**What you are asked to do:**
Every line of the listing below should be written out exactly, minus its images.

**Given material:**
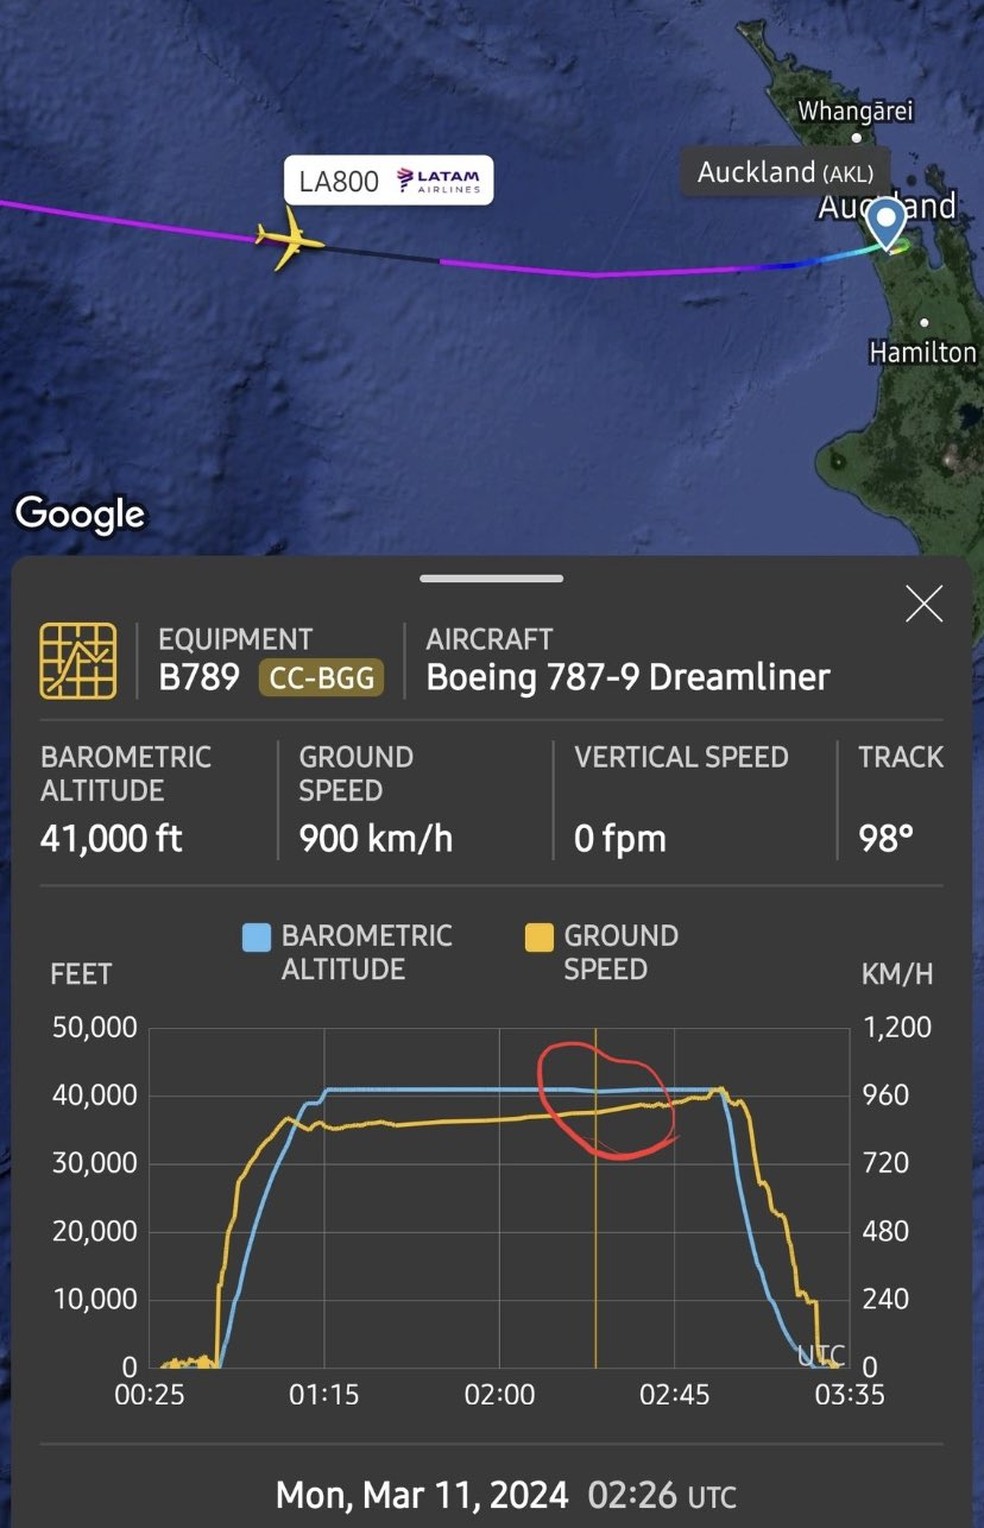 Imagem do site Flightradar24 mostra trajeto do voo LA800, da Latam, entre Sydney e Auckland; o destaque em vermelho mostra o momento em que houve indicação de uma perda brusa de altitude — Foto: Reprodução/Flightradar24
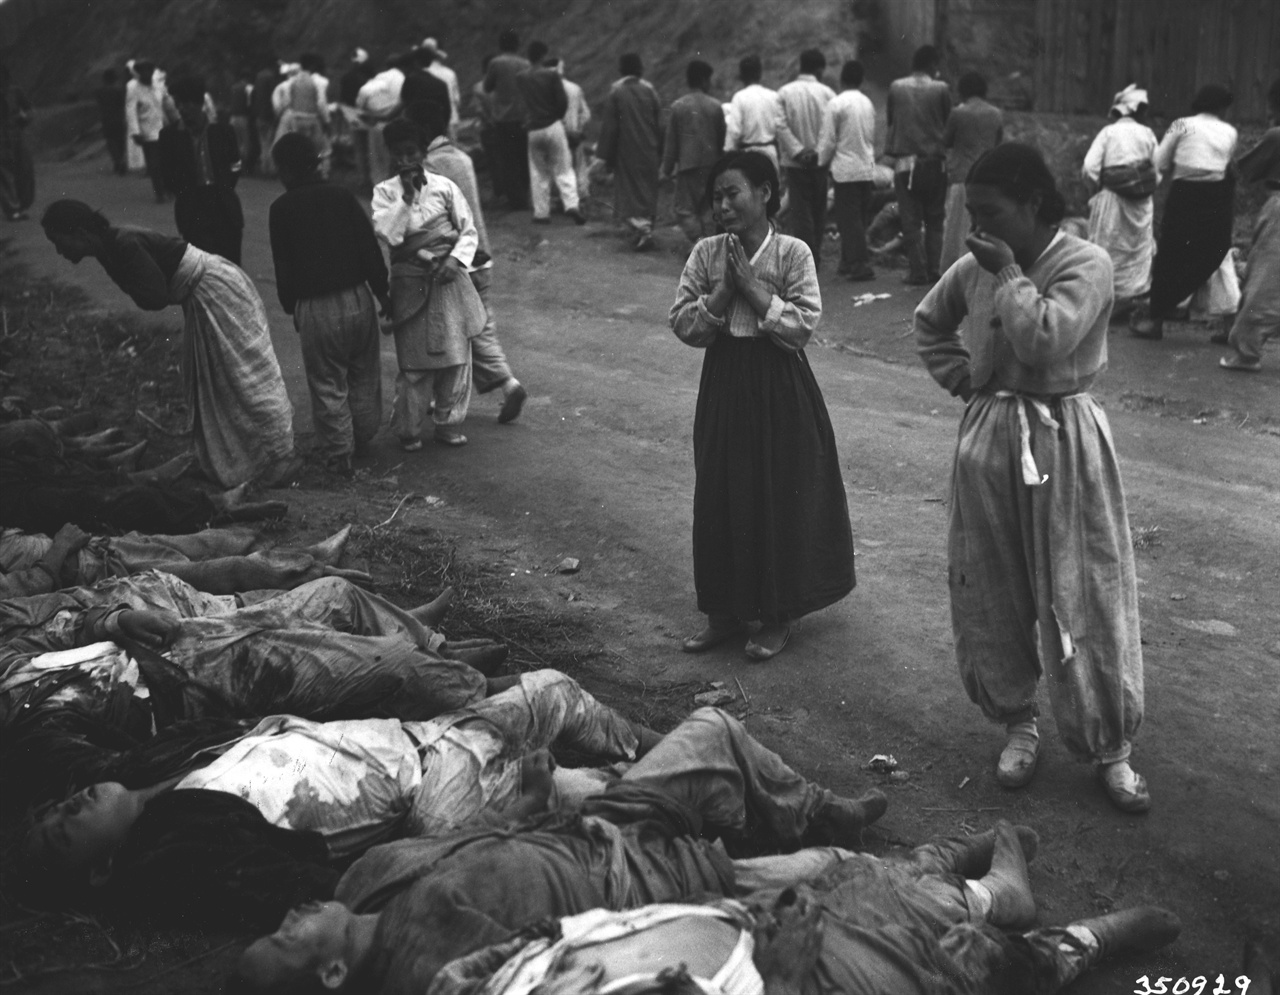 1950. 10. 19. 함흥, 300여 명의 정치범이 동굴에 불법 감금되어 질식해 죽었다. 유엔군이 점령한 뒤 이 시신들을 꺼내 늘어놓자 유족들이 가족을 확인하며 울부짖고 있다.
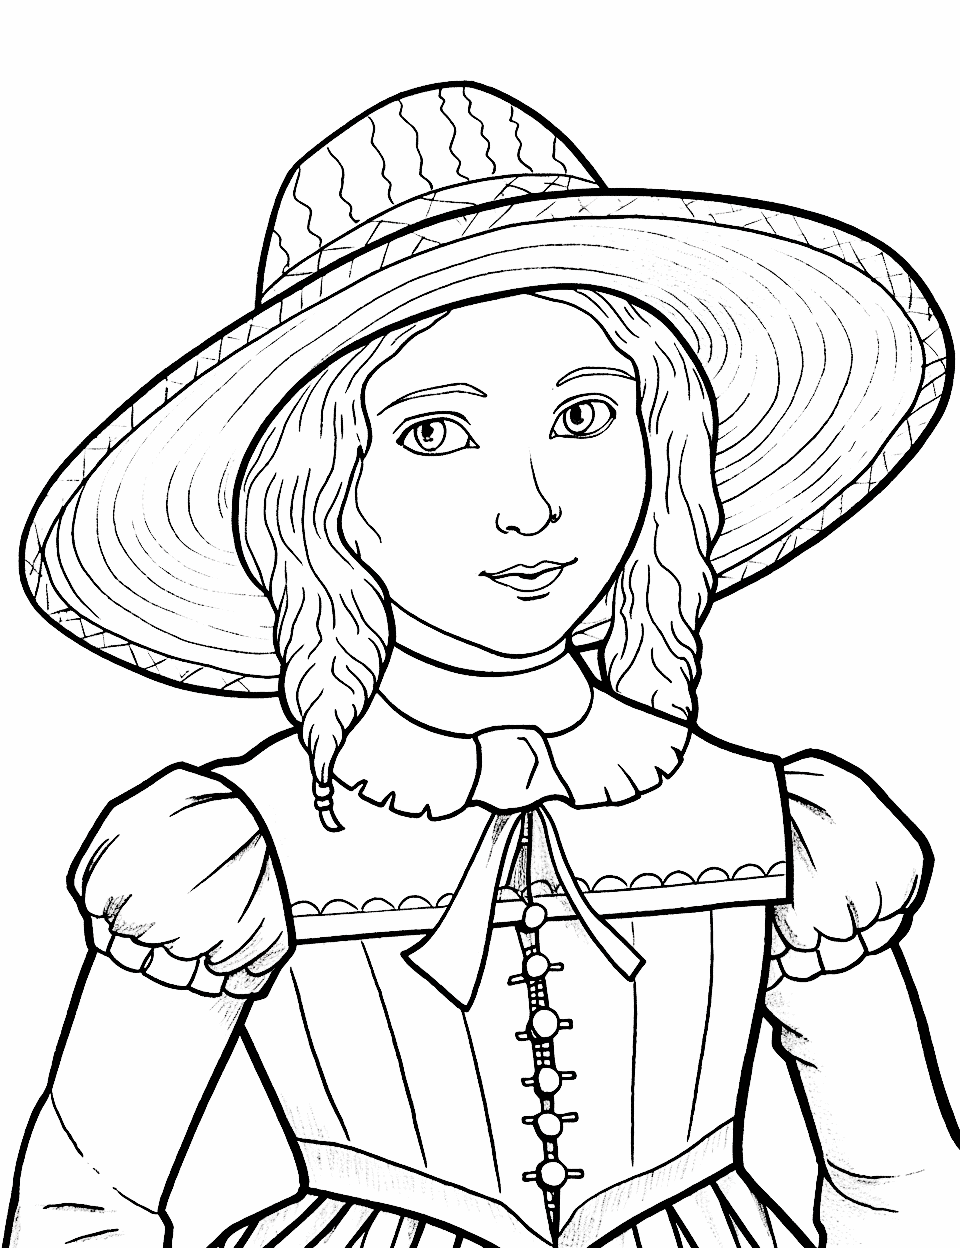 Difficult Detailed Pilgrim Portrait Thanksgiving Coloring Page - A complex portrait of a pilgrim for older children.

**The completed task:**
 Imagem do site Flightradar24 mostra trajeto do voo LA800, da Latam, entre Sydney e Auckland; o destaque em vermelho mostra o momento em que houve indicação de uma perda brusa de altitude — Foto: Reprodução/Flightradar24
 1950. 10. 19. 함흥, 300여 명의 정치범이 동굴에 불법 감금되어 질식해 죽었다. 유엔군이 점령한 뒤 이 시신들을 꺼내 늘어놓자 유족들이 가족을 확인하며 울부짖고 있다.
 Difficult Detailed Pilgrim Portrait Thanksgiving Coloring Page - A complex portrait of a pilgrim for older children.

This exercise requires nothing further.